Литмир - Электронная Библиотека

Она намекала на роды, последовавшие слишком скоро после свадьбы, но экономка дона Антонино, маркиза, справедливо возразила, что если бы это было так, то бог наверняка наказал бы и Ирену, Перечницу-младшую, которая оскоромилась еще почище, а между тем с ней ничего не случилось.

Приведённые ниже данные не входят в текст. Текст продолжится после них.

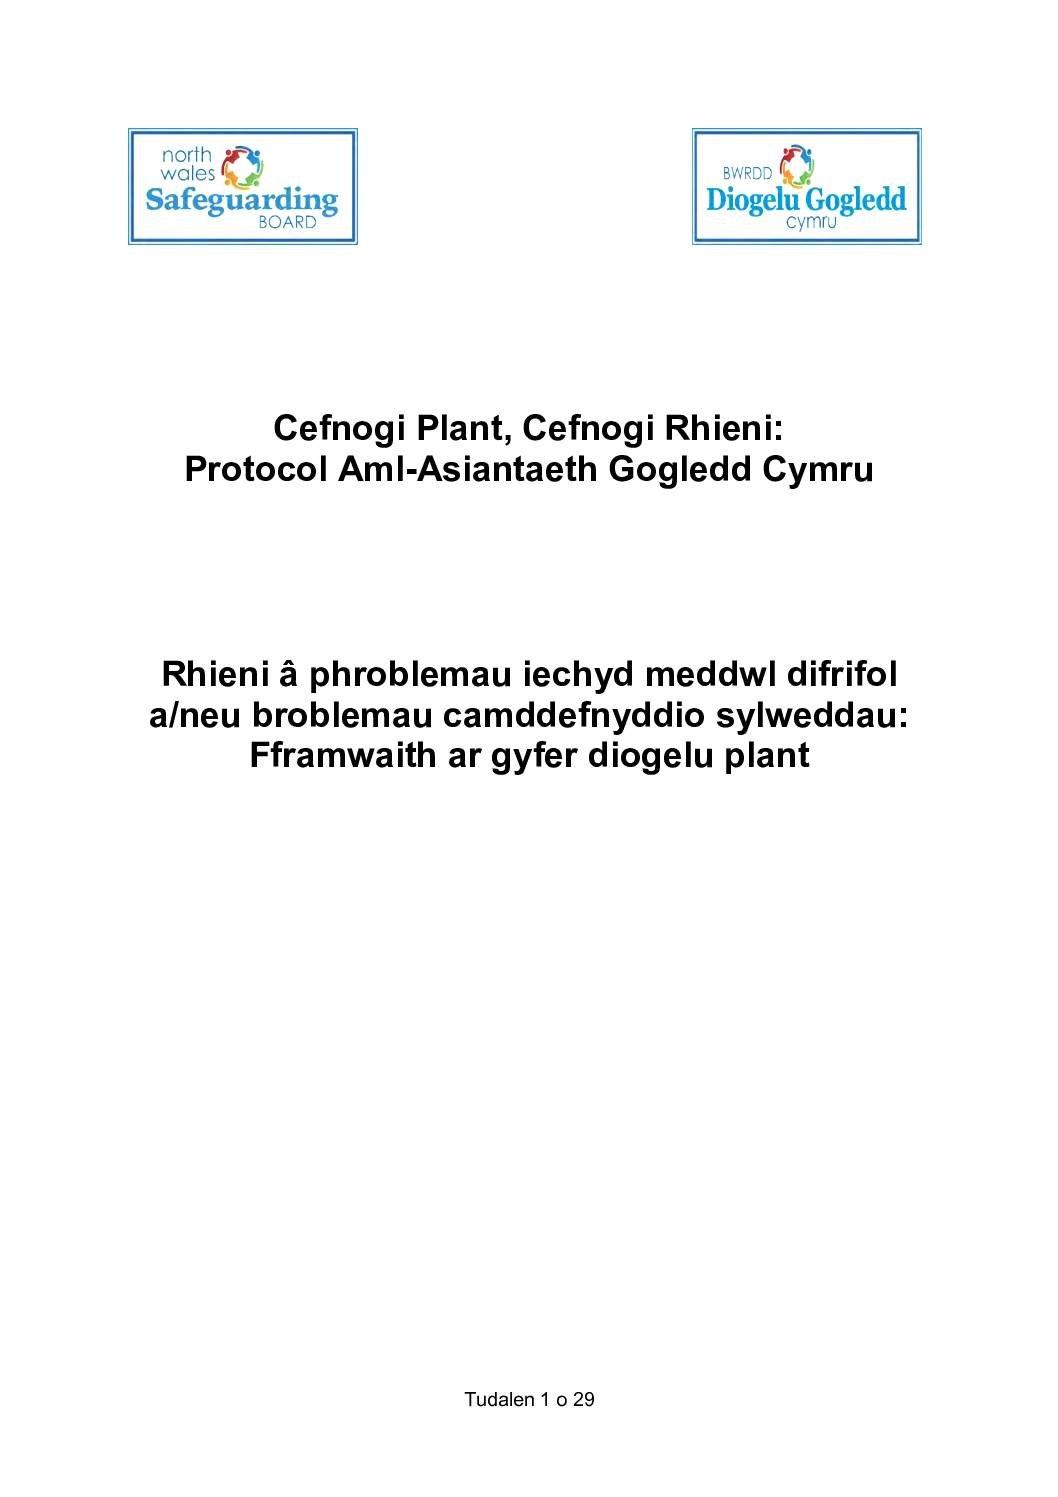 Cefnogi Plant, Cefnogi Rhieni: Protocol Aml-Asiantaeth Gogledd Cymru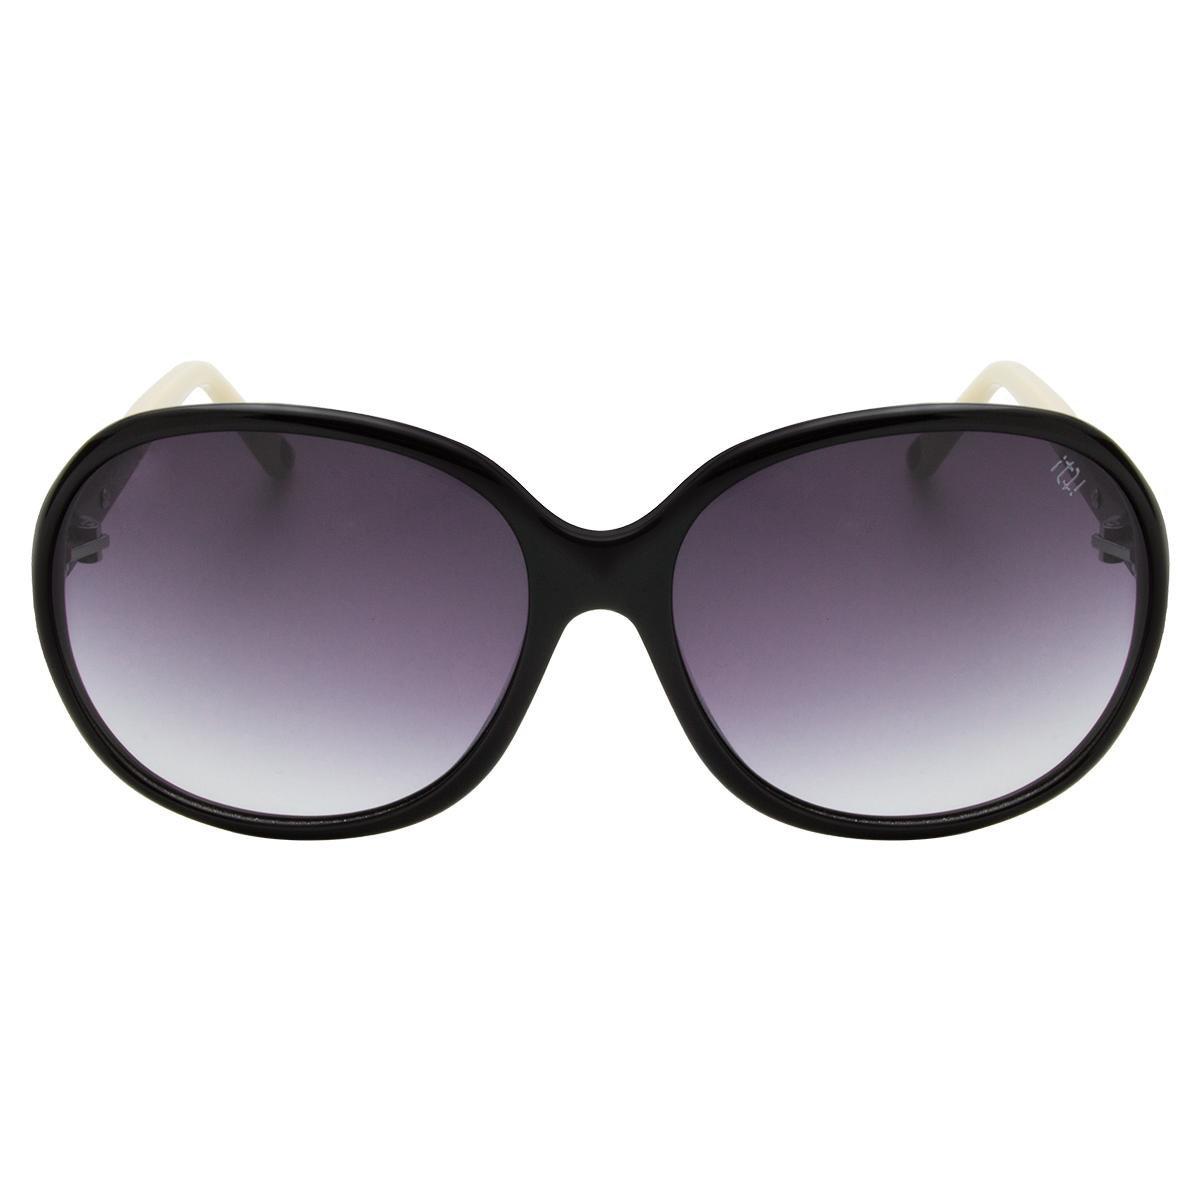 Óculos De Sol It Eyewear Glam A101 - C1 - Feminino - Compre Agora ... 63db027e9f

В то время Даниэлю-Совенку было всего только два года, а Роке-Навознику четыре. Спустя пять лет они начали заходить к Кино, возвращаясь домой после купания в Поса-дель-Инглес или ловли раков и мальков. Однорукий был сама щедрость и за пять сентимо наливал им большую кружку сидра из бочонка. Уже тогда таверна Кино приходила в упадок. Однорукий не платил по векселям, и поставщики переставали отпускать ему товар. Герардо-Индеец не раз давал поручительство за него, но, не видя со стороны Однорукого никакого старания исправиться, через несколько месяцев оставил его на произвол судьбы. И Кино-Однорукий начал, что называется, перебиваться из кулька в рогожку — дела его шли все хуже и хуже. Но что верно, то верно, словоохотливости он не потерял и продолжал угощать посетителей тем немногим, что у него оставалось.

Роке-Навозник, Герман-Паршивый и Даниэль-Совенок обычно усаживались рядом с ним на каменной скамье у двери таверны, выходившей на шоссе. Кино-Однорукому нравилось болтать с ребятишками больше, чем со взрослыми, наверное, потому, что в конечном счете он и сам был большой ребенок. Случалось, в разговоре всплывало имя Мариуки, а с ним и воспоминание о ней, и тогда у Кино-Однорукого увлажнялись глаза, и, чтобы скрыть волнение, он похлопывал себя культей по подбородку. В таких случаях Роке-Навозник, враг слез и сентиментов, ни слова не говоря, вставал и уходил, уводя с собой обоих друзей, которые, как пришитые, повсюду тянулись за ним. Кино-Однорукий озадаченно глядел им вслед, не понимая, что заставило мальчишек так внезапно покинуть его без всяких объяснений.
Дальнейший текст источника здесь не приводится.